Даже не потрудившись пояснить свои слова, кот беззвучно скользнул между приземистыми тёмно-коричневыми домиками, медленно погружающимися в растущие сугробы. Повсюду глаз натыкался на человеческие следы, уже успевшие основательно порасти колючими кристалликами. Не так уж давно, здесь топталась большая человеческая толпа.

Скрипнула, отворяясь дверь одного из домиков, и я не удержалась, заглянула внутрь. Темно. Пришлось включить ночное зрение. Ничего другого я и не ожидала: маленькая комнатушка с низким закопченным потолком. Большую часть пространства занимает огромная печь. Похоже, на ней не только готовили, но и спали.

Какая-то жалкая утварь в беспорядке лежала на полу, трёхногий стол бессильно задрал ножки к потолку, а воздух пропитал густой запах человеческой крови. А вот и она: полосой прошлась по стене, каплями стекая вниз по щетинистым брёвнам. Ещё больше этой гадости расплескалось в самом тёмном углу. Очаровательно! А трупов — нет.

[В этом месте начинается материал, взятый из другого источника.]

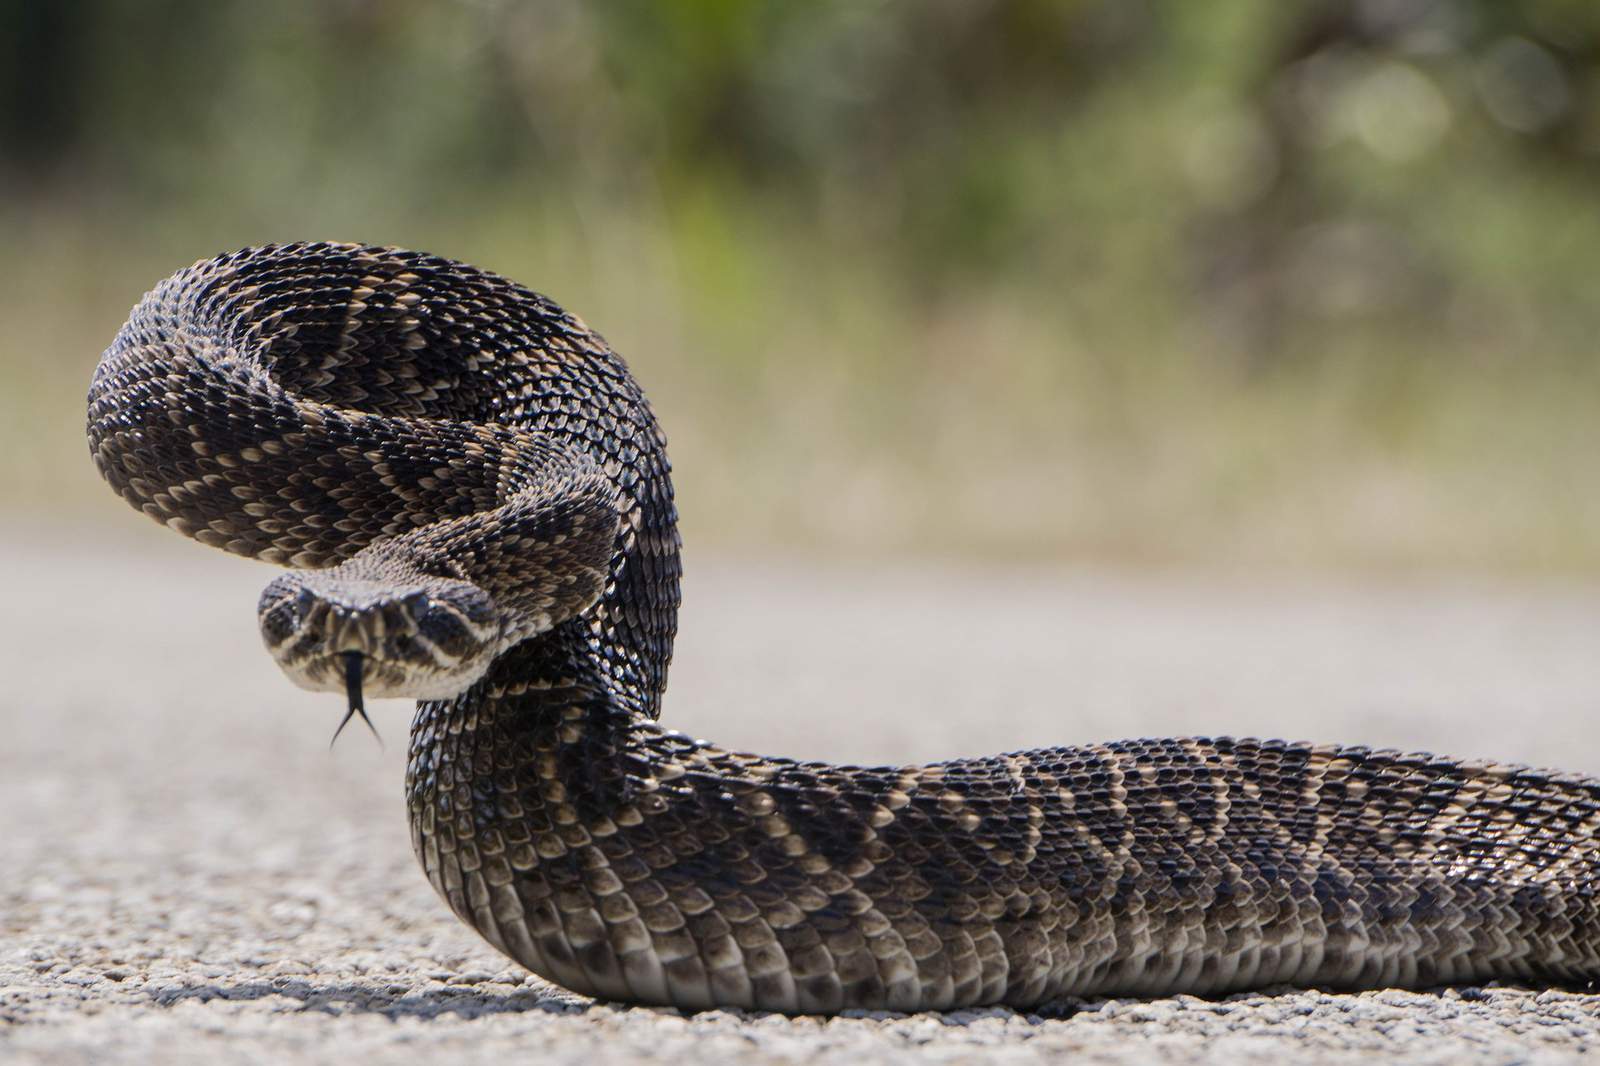 WATCH: Fierce battle between bobcat and rattlesnake in forest caught on video

Кровь, — сообщила я коту, который, в некоторой задумчивости, замер на перекрёстке двух крошечных переулков, — там, в доме. Но тел не видно. Похоже, ты был прав, когда упоминал нападавших.

— Кровь? — он удивлённо покосился на меня, — да в проклятущем поселении всё буквально провоняло этой мерзостью. Поэтому я и говорил о нападении. Кроме того, мне попались ещё две собаки. Кто-то истребил всех сторожевых псов, прежде чем приниматься за людей.

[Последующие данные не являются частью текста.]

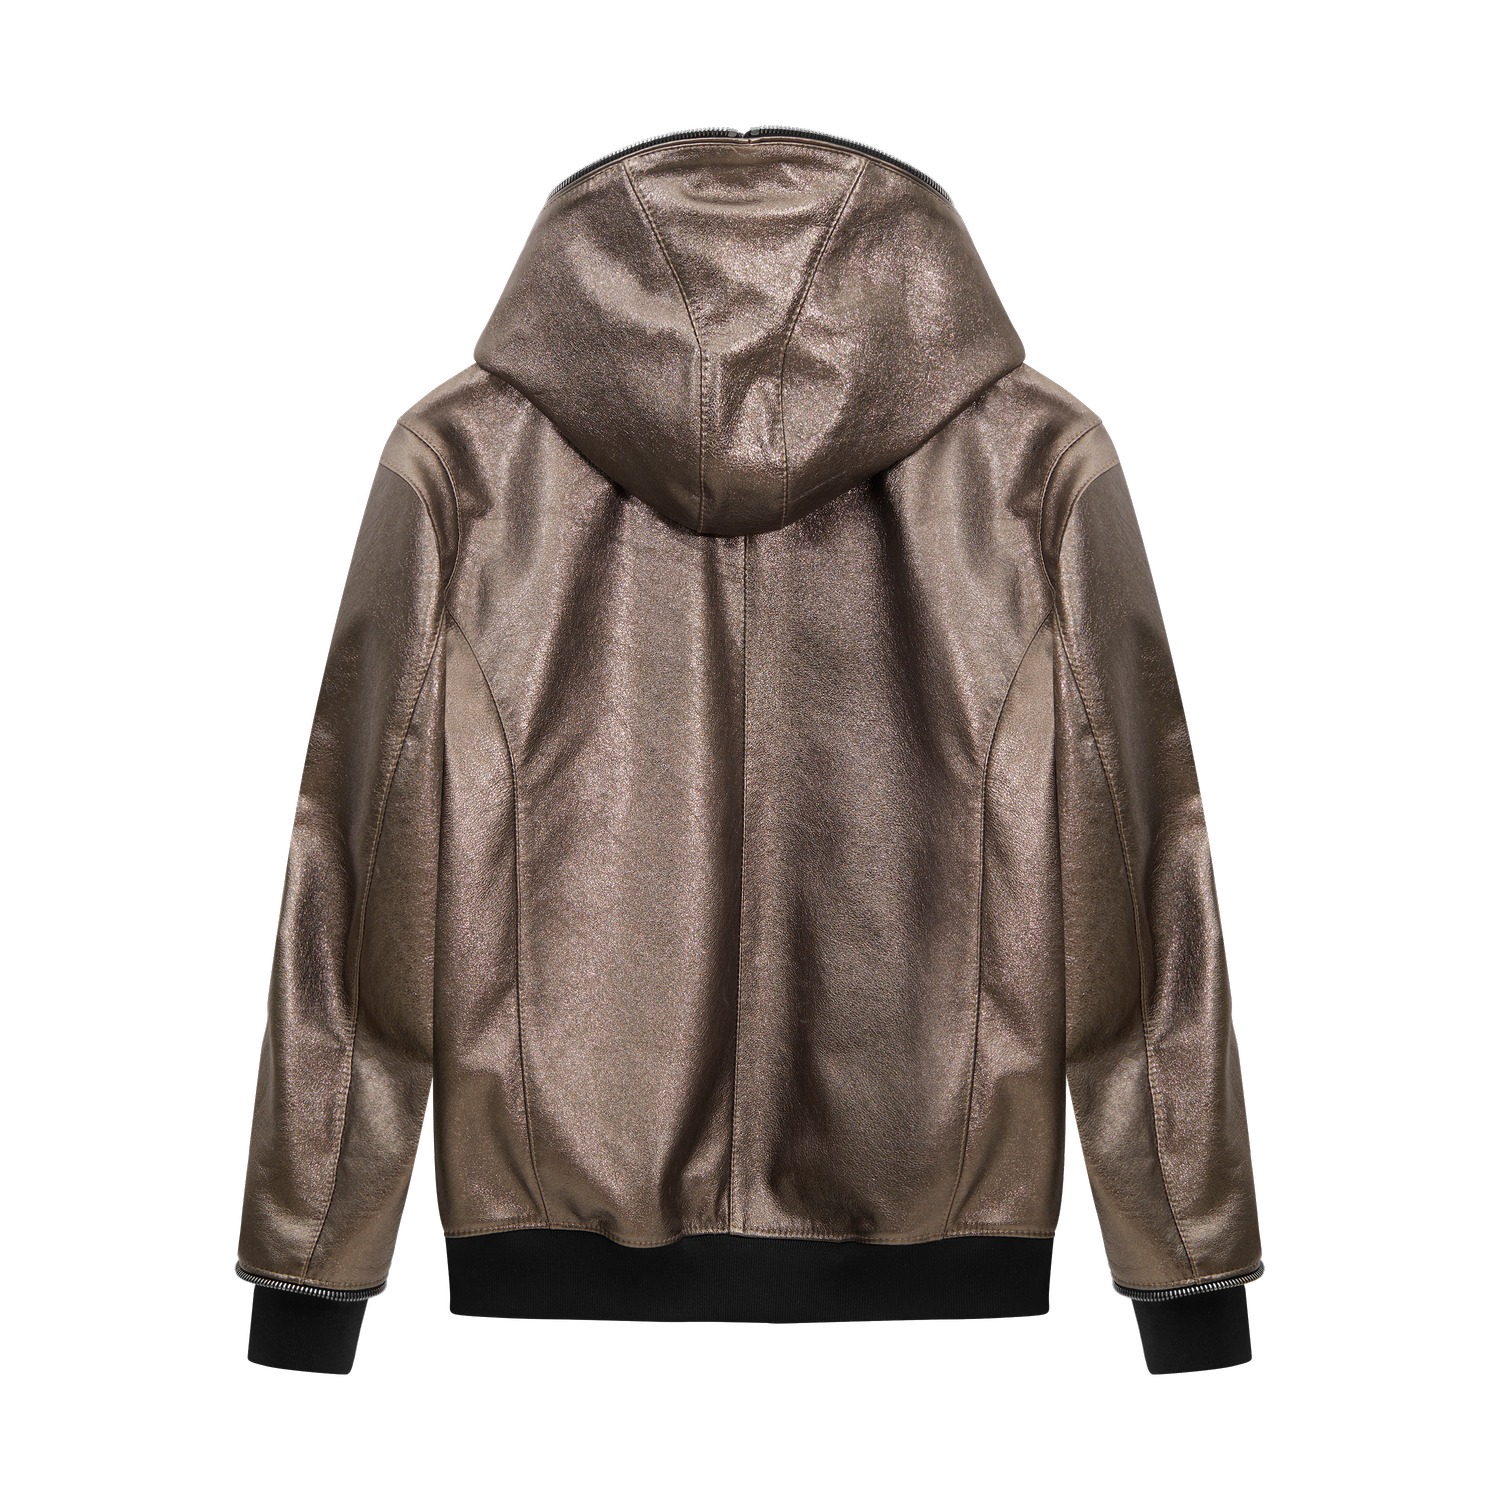 Berlin Leather Jacket by Martin Key

— Может быть я столь невнимательна, потому как меня это ни капли не волнует? — язвительно осведомилась я, пиная носком сапога, влекомую ветром чашку, с отбитой ручкой, — пусть твои разлюбезные люди хоть и вовсе друг-дружку поубивают. Они же обожают это занятие.

— Чем же ты тогда будешь питаться? — тонкая бровь Серра саркастически надломилась, — иногда ты просто неотличима от… Впрочем, не важно, судя по каплям крови, нам нужно в тот сарай.

Его палец указал на приземистую постройку, лишённую всяких признаков окон. Похоже, обычно там держали скот, используемый людьми в пищу. Пища для пищи! Не удержавшись, я хихикнула, заработав ещё один укоризненный взгляд от компаньона.

Теперь, когда я была намного внимательнее, от моего взора не укрылся небольшой холмик собачьих тушек, за плетёной оградой одного из домов. Кажется, рубленые трупики, в спешке бросали туда, не потрудившись найти скрытое место. Всё-таки любопытно…Нет, ни капли не любопытно. Попытка вызвать интерес к произошедшему в деревушке, с треском провалилась.

Ворота сарая оказались подпёрты толстой рогатиной и щеголяли свежими подпалинами, словно кто-то пытался поджечь здание. Однако, отсыревшее промёрзшее дерево — не самый удачный материал, для быстрого пожара.

Серра пнул ногой бревно, подпиравшее дверь и переломил его пополам. Потом кот решительно рванул створку на себя и пропал из виду. Пожав плечами, я последовала за ним.

Внутри было приблизительно так, как я и ожидала: смрад и мрак. Даже луч света, проникающий через полуоткрытую дверь не рассеивал зловонной темноты. Не беда: ночное зрение ещё не подводило ни одного льва.

— Обычный случай человеческого идиотизма, — заметила я, обращаясь к неподвижной спине Серра, — животных-то они на кой чёрт порезали? В раж вошли? Полюбуйся, вот они, твои любимые зверьки со своими любимыми развлечениями: кровь и горы трупов.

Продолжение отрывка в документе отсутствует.